Ma guerre d’Espagne: Brigade internationale : la fin d’un mythe PDF

20 000 brigadistes présents sur les fronts de la guerre civile au même moment. Les brigades avaient leur quartier général sur la base aérienne de Los Llanos, à Albacete. Les brigadistes ne représentaient cependant pas l’ensemble des volontaires étrangers engagés aux côtés des républicains espagnols. Beaucoup, par anti-stalinisme, rejoignirent plutôt les rangs du Ma guerre d’Espagne: Brigade internationale : la fin d’un mythe PDF à l’exemple de George Orwell.


Pour beaucoup, le mythe des Brigades internationales reste aujourdhui encore intact. Et pourtant, derričre laventure héroďque de milliers de volontaires venus de tous les pays au secours de la République espagnole, se cache une autre vérité, déconcertante et douloureuse, que révčle ce témoignage sauvé de loubli.
Sygmunt Stein, militant communiste juif en Tchécoslovaquie, bouleversé par les procčs de Moscou qui ébranlent sa foi révolutionnaire, va chercher en Espagne létincelle qui ranimera ses idéaux.
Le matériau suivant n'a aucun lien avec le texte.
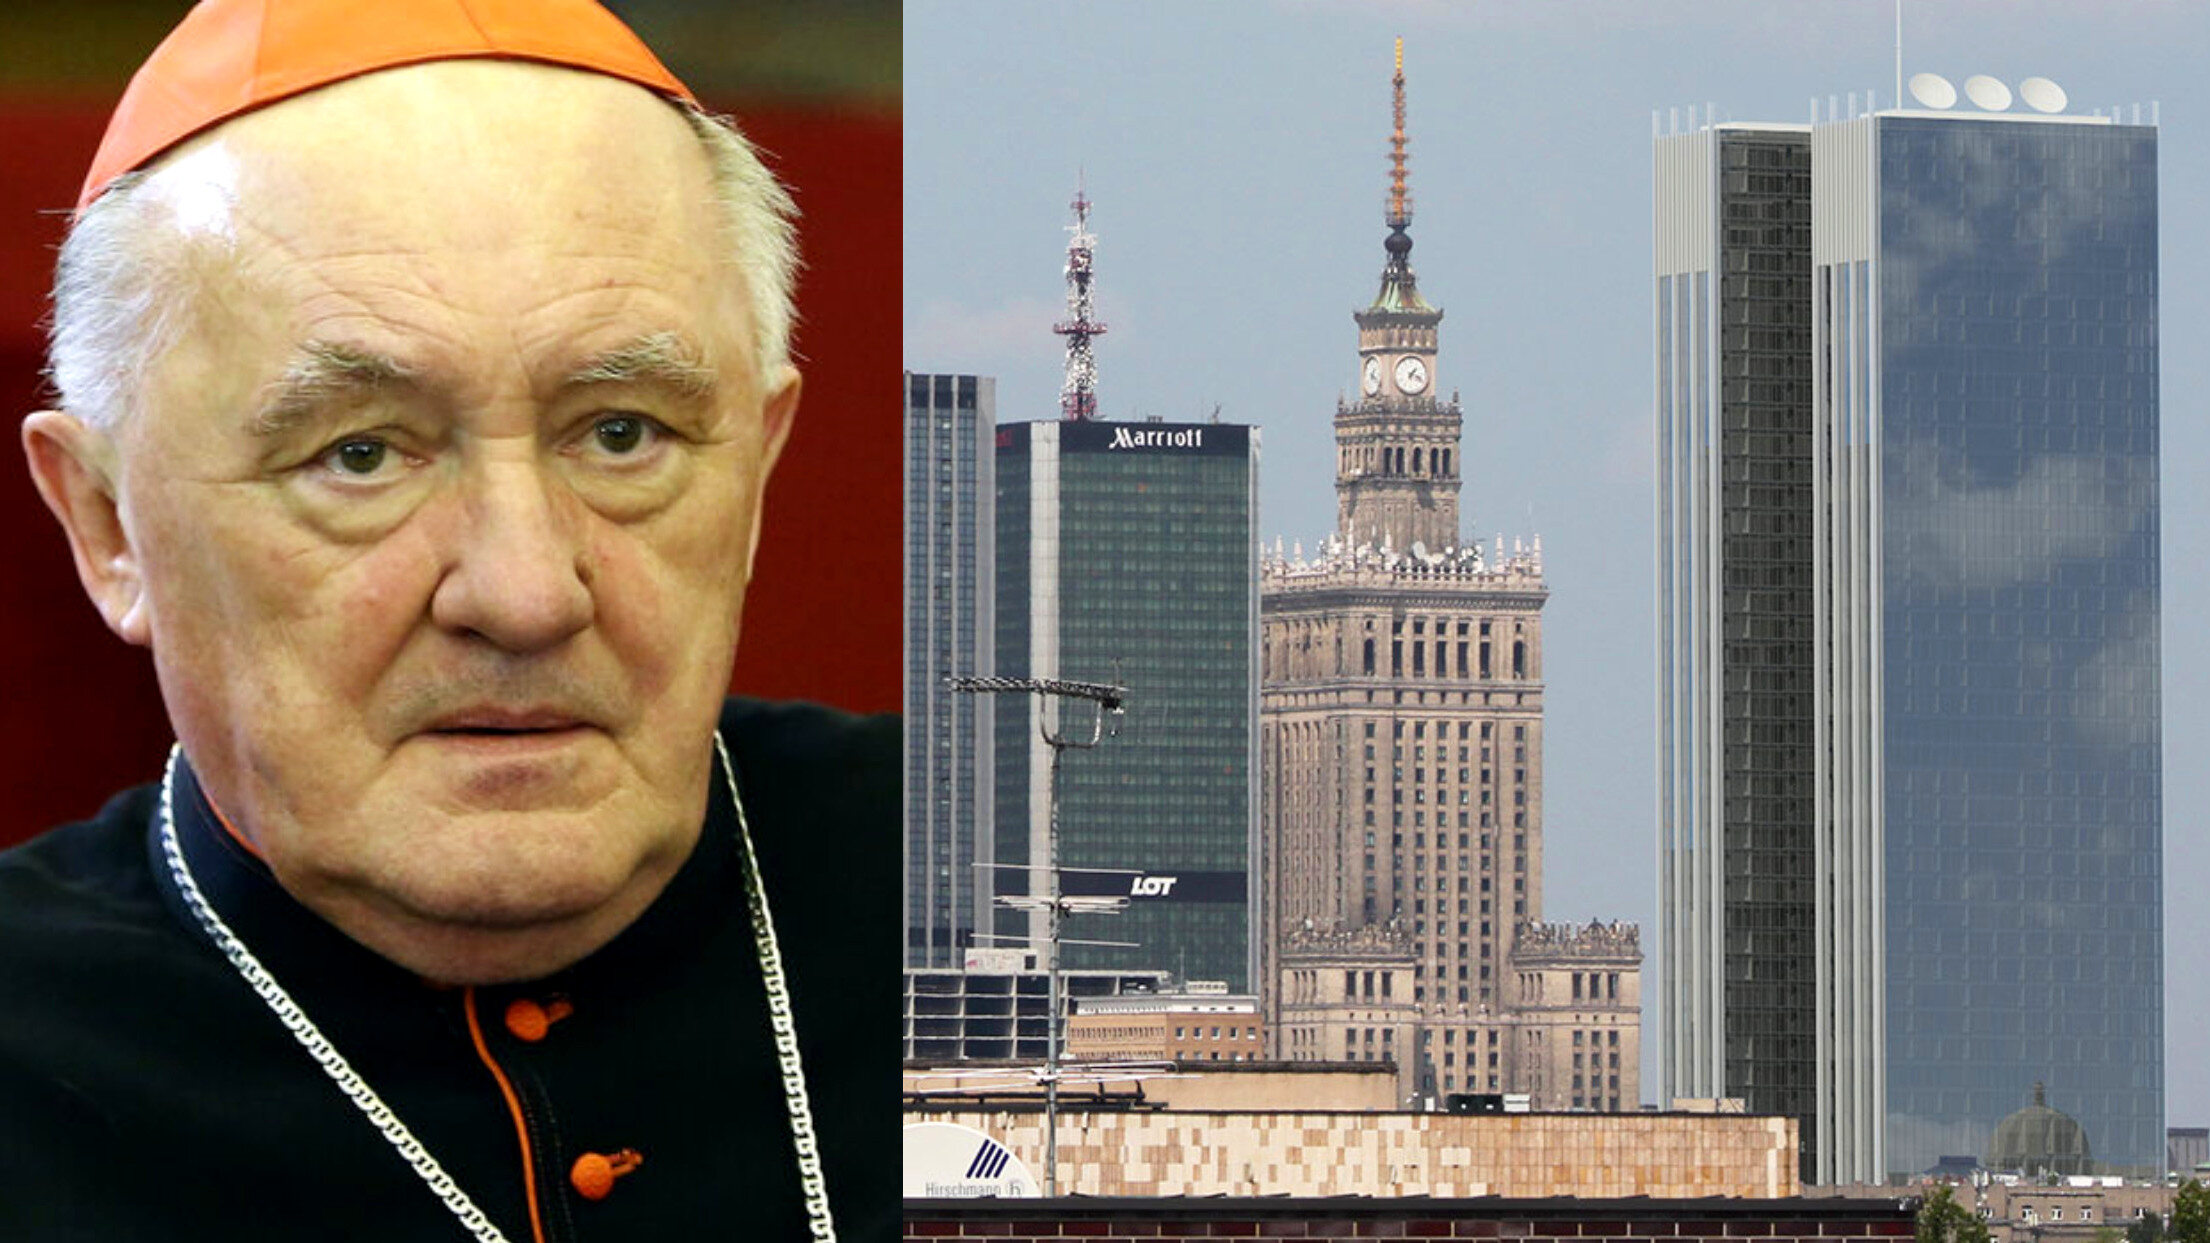 Curia is building a huge skyscraper in the center of Warsaw.  "We have received permission from the Pope"
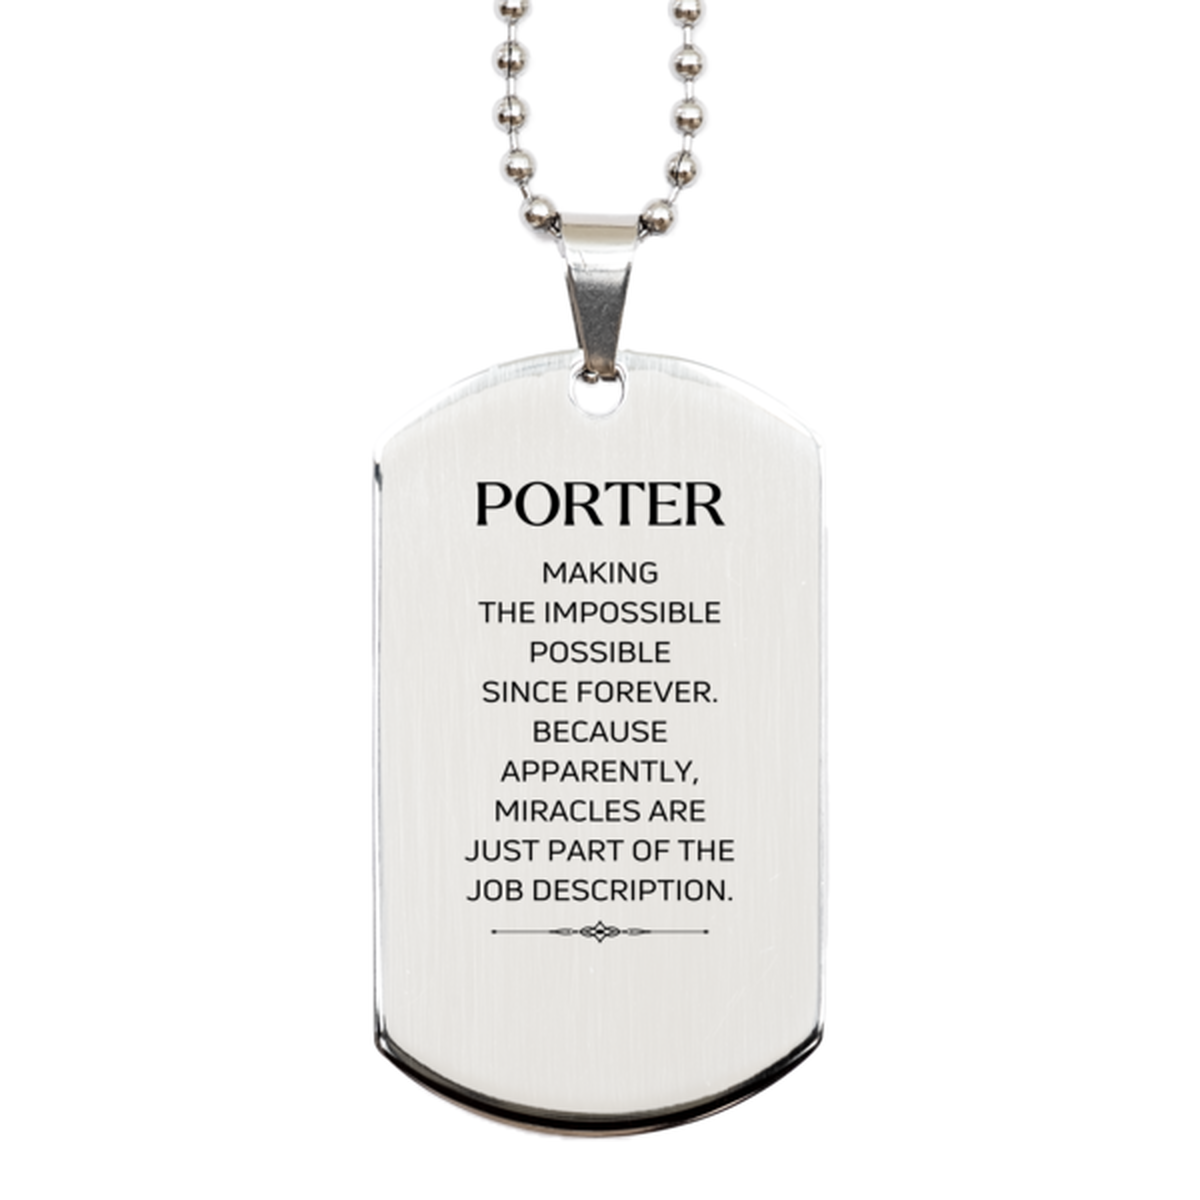 Funny Porter Gifts, Miracles are just part of the job description, Inspirational Birthday Silver Dog Tag For Porter, Men, Women, Coworkers, Friends, Boss

Mais arrivé ŕ Albacete, sičge des Brigades internationales, il se voit nommé commissaire de la propagande, poste oů il découvre jour aprčs jour létendue de limposture stalinienne. Trčs vite, la réalité simpose ŕ lui : Ť La Russie craignait davoir une république démocratique victorieuse en Europe occidentale, et sabotait pour cette raison le duel sanglant entre les forces démocratiques et le fascisme. ť Tout ce quil croyait combattre dans le fascisme, ŕ commencer par lantisémitisme, il le retrouve dans son propre camp. La déception est ŕ la mesure de lespoir qui lavait mené en Espagne : immense. Affecté par la suite ŕ la compagnie juive Botwin, il sera envoyé au front pour servir de chair ŕ canon.
Des exécutions arbitraires du Ť boucher dAlbacete ť, André Marty, aux banquets orgiaques des commissaires politiques, en passant par les impostures de la propagande soviétique, Sygmunt Stein dénonce violemment dans son livre, écrit en yiddish dans les années 1950, et resté inédit en français, la légende dorée des Brigades internationales.

Les brigadistes ne furent ni les premiers ni les seuls volontaires étrangers à se battre en Espagne en faveur de la République. D’autres sont déjà présents sur le sol espagnol au moment des événements de juillet et se rallient au gouvernement légal : ce sont généralement des Allemands et des Italiens qui ont fui les dictatures fascistes de leur pays et ont trouvé l’asile en Espagne. Mais ces troupes sont extrêmement dispersées et peu organisées. Ces premiers volontaires étrangers se rassemblent au sein d’unités originales, portant le nom de héros du siècle passé, tel que le bataillon  Walery Wroblewski , héros de la Commune de Paris, ou le bataillon  Tom Mann , un socialiste anglais. Dans un premier temps, Staline reste favorable à la neutralité, afin de ne pas se brouiller avec ses  alliés objectifs  français et britanniques, animateurs du Comité international pour la non-intervention depuis le 26 août 1936. Les Brigades internationales sont officiellement créées par un décret du gouvernement espagnol le 22 octobre 1936.

Drapeau des Brigades internationales, avec l’étoile rouge à trois branches. C’est le Komintern qui est chargé de superviser l’organisation des Brigades internationales, et ses membres sont omniprésents. Le bureau de recrutement, qui est actif depuis le 18 septembre, est basé à Paris, sous la direction du général soviétique d’origine polonaise Karol  Walter  Świerczewski. Chaque brigade est divisée en bataillons, eux-mêmes subdivisés en centuries.

On veut en effet éviter de calquer les dénominations militaires. L’uniforme est embryonnaire, souvent une tenue de velours noir. Mais dans l’ensemble, l’organisation reste mal assurée : l’improvisation se retrouve d’un point de vue administratif, puisqu’ils n’ont aucun contrat, et la durée de leur engagement n’est pas non plus définie. Les volontaires sont envoyés par train ou bateau de France en Espagne, tandis que d’autres traversent la frontière par leurs propres moyens. Les brigadistes rejoignent Albacete, en Castilla-La Mancha, qui devient rapidement le siège du quartier général des Brigades internationales. Dans son témoignage sur la guerre civile espagnole, Sygmunt Stein évoque la présence de nombreux chômeurs, clochards et repris de justice notamment dans le bataillon franco-belge que les communistes avaient réussi à recruter parmi les  déclassés . Chez les Italiens, les Allemands et autres Européens venant de pays contrôlés par des gouvernements répressifs, le combat en Espagne est vu comme une première étape pour restaurer la démocratie ou promouvoir une cause révolutionnaire dans leur propre pays.